Congress could be used by cloud operators to formalize the constraints between options defined in configuration files with the help of business rules written in Datalog and verify the compliance of their deployments automatically. It is intended to be complementary to config management systems that should only create valid configuration files and to integration tests such as RefStack.

Problem description

Each OpenStack service on each node in parameterized by a set of configuration files describing the value of the various configuration options. In this proposal we only consider configuration files managed by the oslo-config library. Configuration options are not independent:

  • Each option value is constrained but the constraints may go beyond the expressive power of oslo-config type system.

  • For a given service on a given node, constraints may exist between different options.

  • On a given node, constraints and incompatibilities may exist between various options belonging to different services. For example, when a functionality in a given service depends on the availability of another functionality in another service.

  • Between nodes, other constraints exist either for a given service or between services.

Constraints may be defined by different actors:

  • Service developers know the constraints on the options they define and usually document them informally in the source code in the description field associated to the option.

  • Cloud integrators will discover additional constraints when they develop deployment code. Most of the time those options are only implicitly defined in the source code of the scripts.

  • Administrators may want to enforce additional constraints reflecting the operational environment constraints.

  • For companies having multiple instances of OpenStack, rules could be used to ensure compliance of the instances with their global engineering rules.

  • Although OpenStack provides abstractions that hide implementation details from end-users, some back-ends or some back-end combinations may impose constraints on what is available to the end-user. When administrators discover some back-end limitations, it may be useful to add congress rules reflecting those limitations before a more permanent solution is found.

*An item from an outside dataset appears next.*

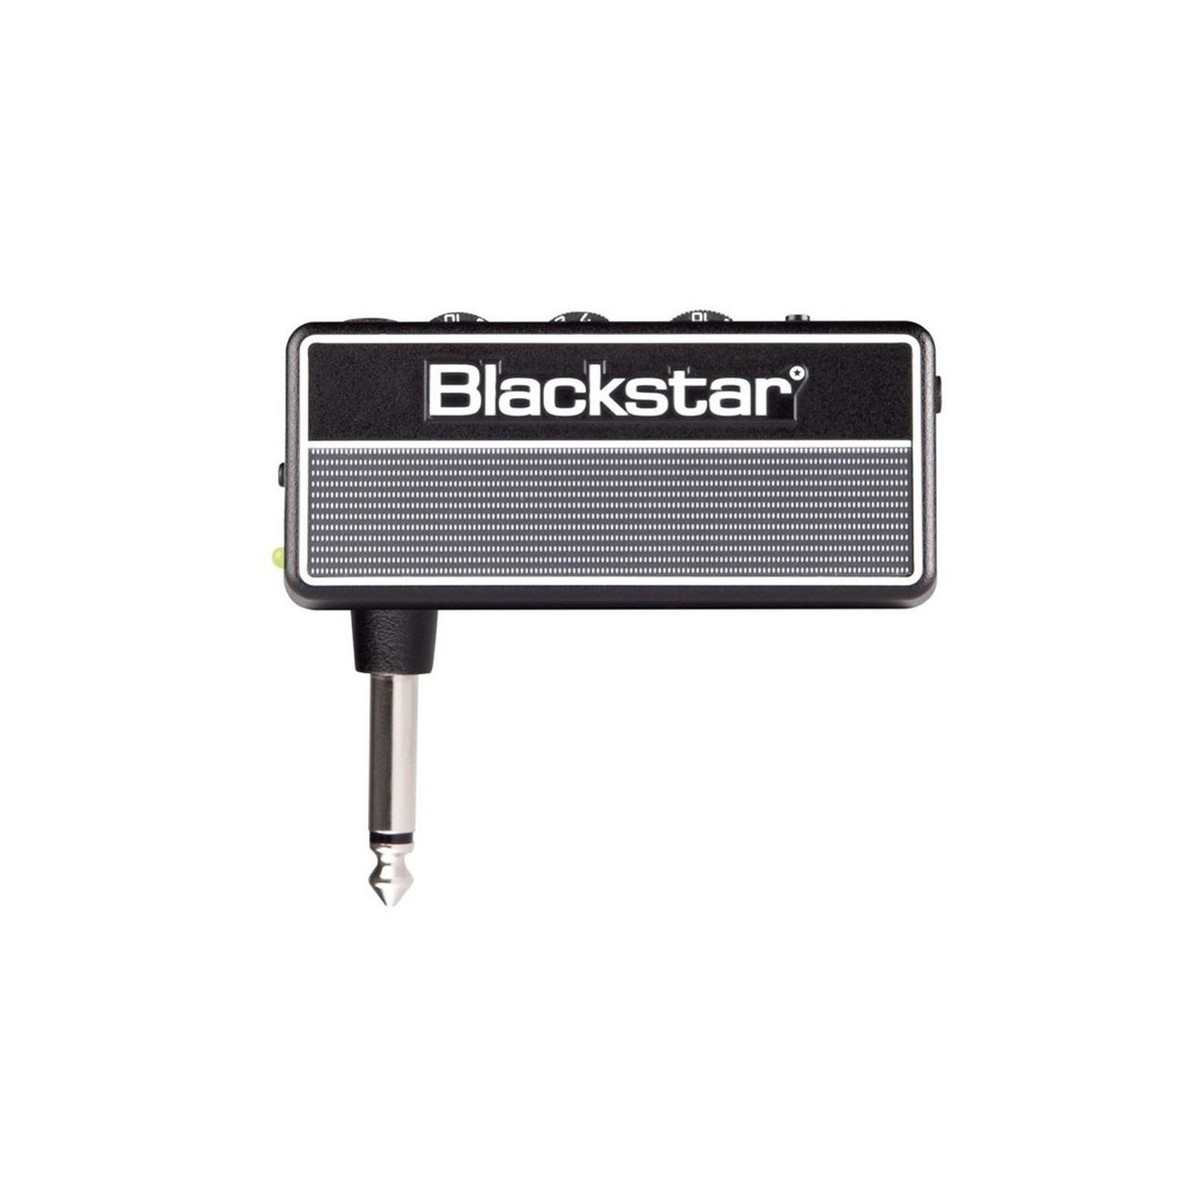 Blackstar Blackstar amPlug2 Fly Guitar Headphone Amp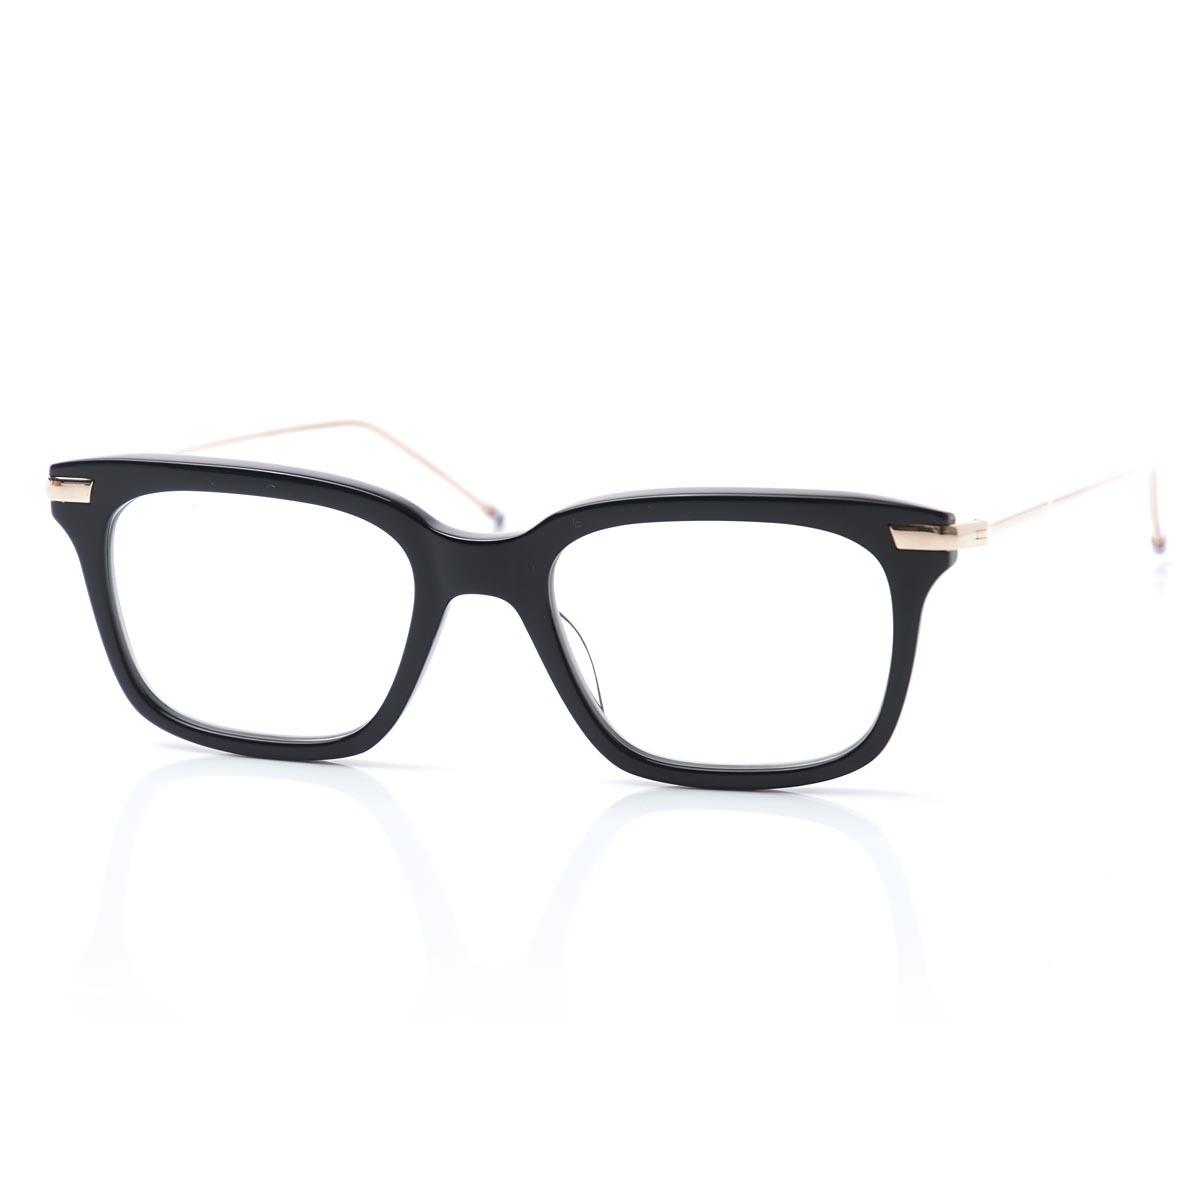 トムブラウン THOM BROWNE. 眼鏡 メガネ ブラック メンズ 黒 tb 701 a blk gld ウェリントン【あす楽対応_関東】【返品送料無料】【ラッピング無料】【190213】

Datalog could be used as a formal language to describe those constraints and Congress could be used to enforce those constraints if the configuration files were available for processing. Although Congress is usually used for more dynamic data coming from running instances, nothing precludes the use of more static data sources.

Proposed change

The extension adds a new agent deployed on OpenStack nodes that collect the configuration files as defined in its own configuration. The agent communicates with a datasource driver included in the congress analyzer through the message bus. The agent is configured with its own configuration file describing the files it transmit (an example configuration file is given in the ‘Other deployer impact’ section).

The agent is responsible for conveying information on option values but also on their meta-data: layout in groups, type, flags such as deprecation, secret status, etc. Meta-data are described in templates which are in fact a collection of namespaces. Namespace contain the actual definition of meta-data. To avoid versionning problems, Meta-data must be obtained directly from the service.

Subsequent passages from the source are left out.